INSTRUCTIONS FOR THE TASK>
A verbatim copy of all the data is required; the pictures should not appear in it.

+++ RECORDED DATA +++

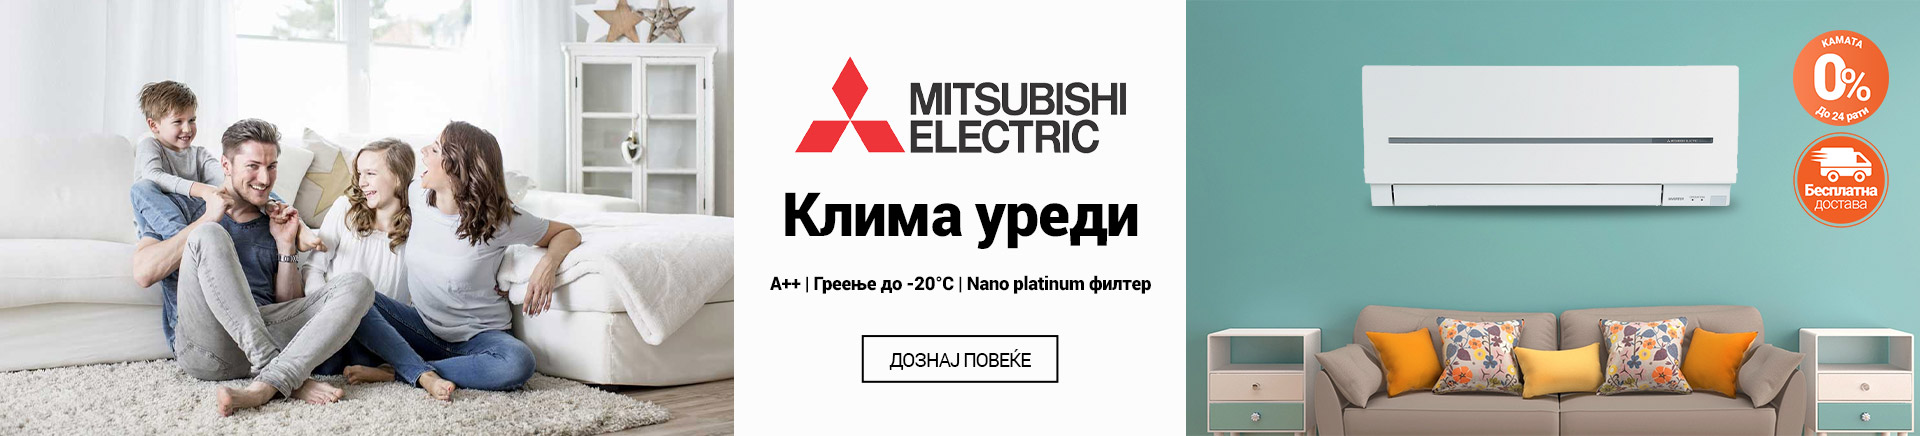 MK Mitsubishi klima MSZ-SF35VE2 MUZ-SF35VEH MOBILE 380 X 436.jpg
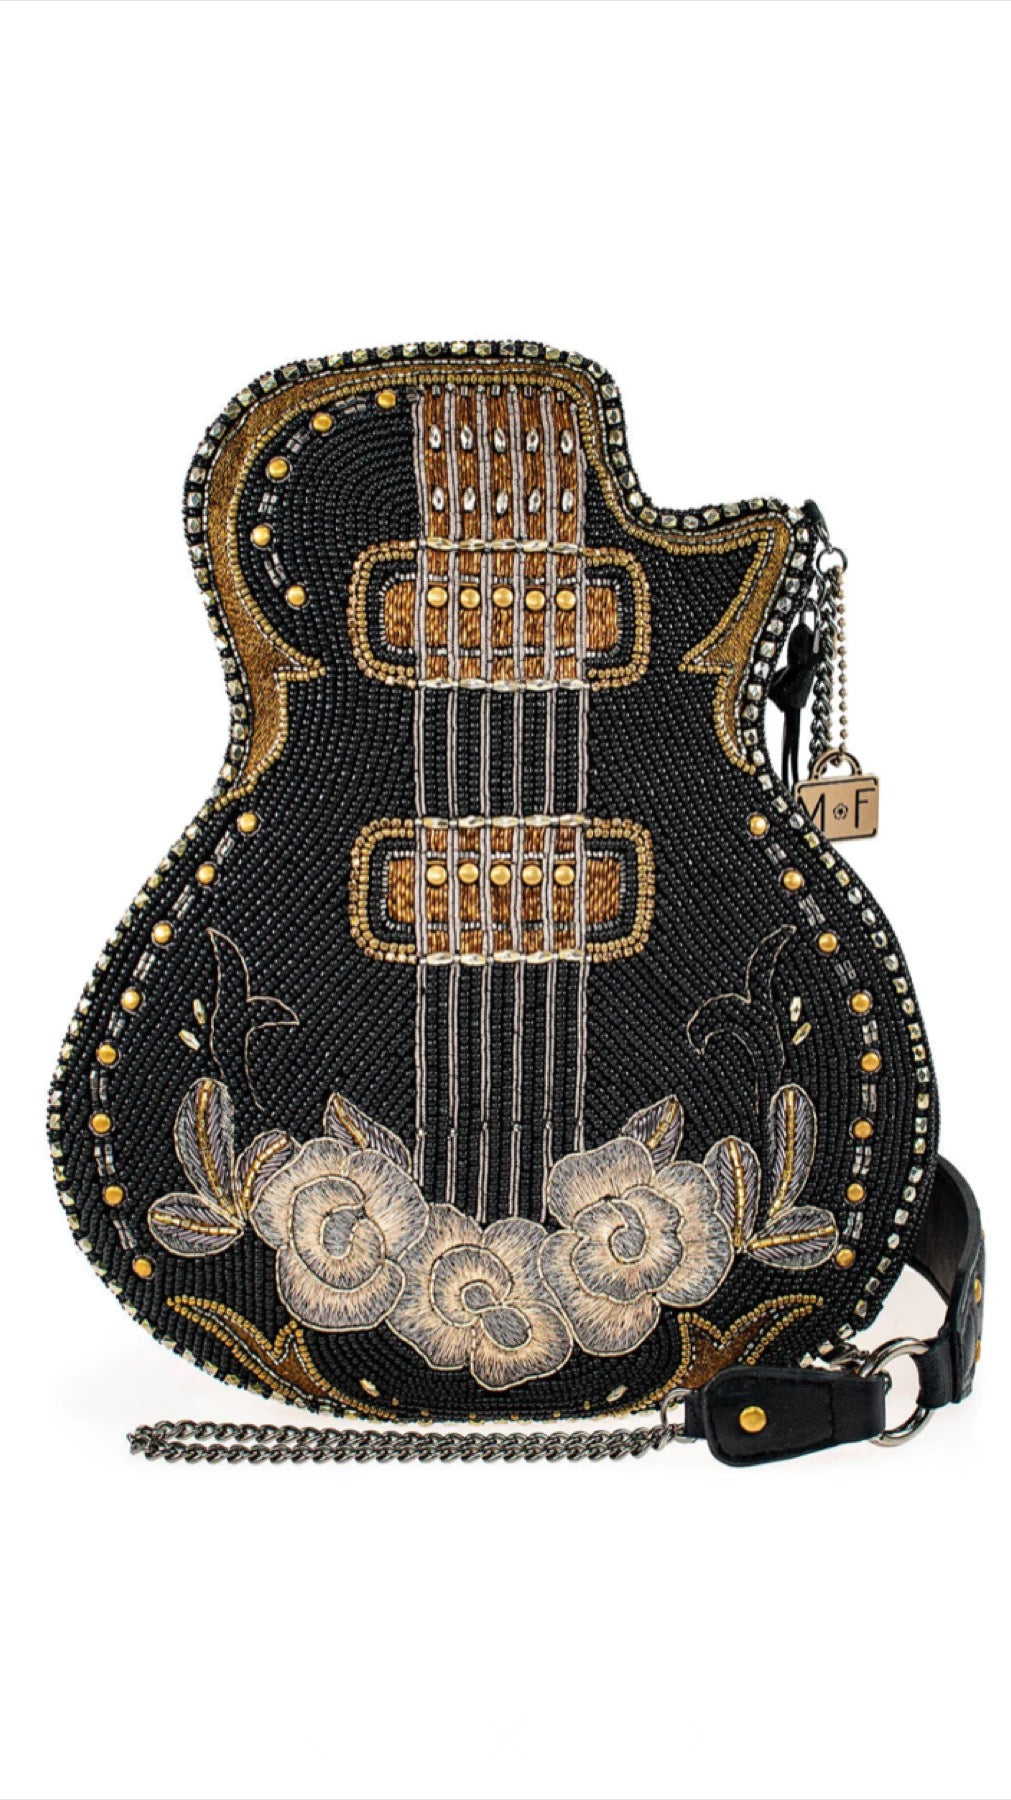 Mary Frances Pretty Music Guitar Handbag   Mary Frances Beaded Bag
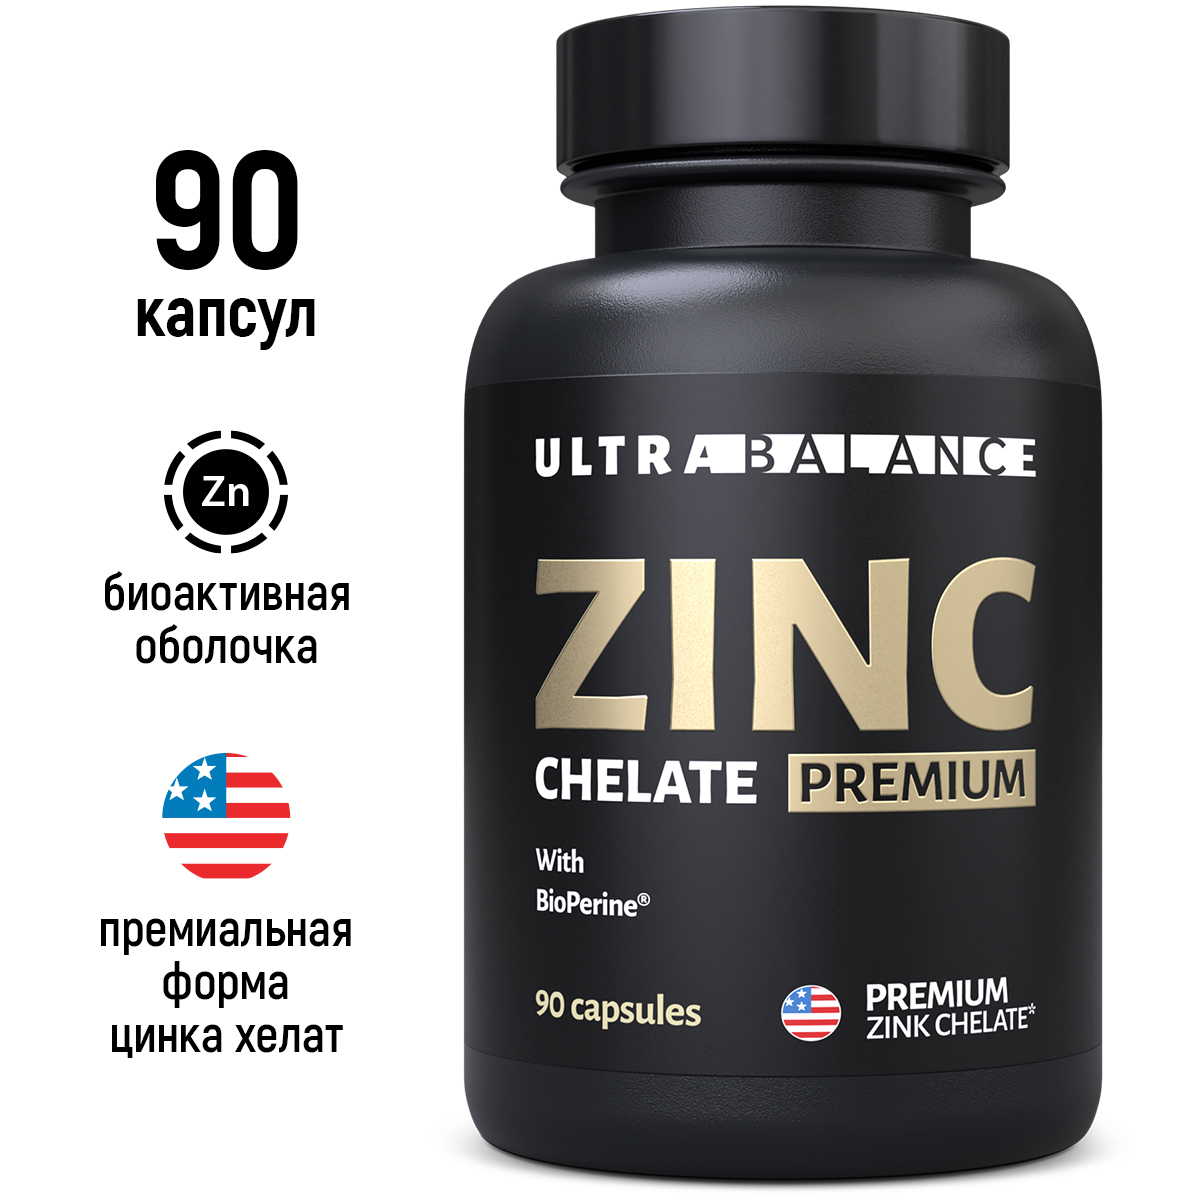 Zinc Chelated Premium With BioPerine, Цинк хелат Премиум с пиперином ULTRABALANCE Zinc Chelated Premium капсулы 90 шт.  - купить

+++

WRITTEN REPLY>
 MK Mitsubishi klima MSZ-SF35VE2 MUZ-SF35VEH MOBILE 380 X 436.jpg
 Mary Frances Pretty Music Guitar Handbag   Mary Frances Beaded Bag
 Zinc Chelated Premium With BioPerine, Цинк хелат Премиум с пиперином ULTRABALANCE Zinc Chelated Premium капсулы 90 шт.  - купить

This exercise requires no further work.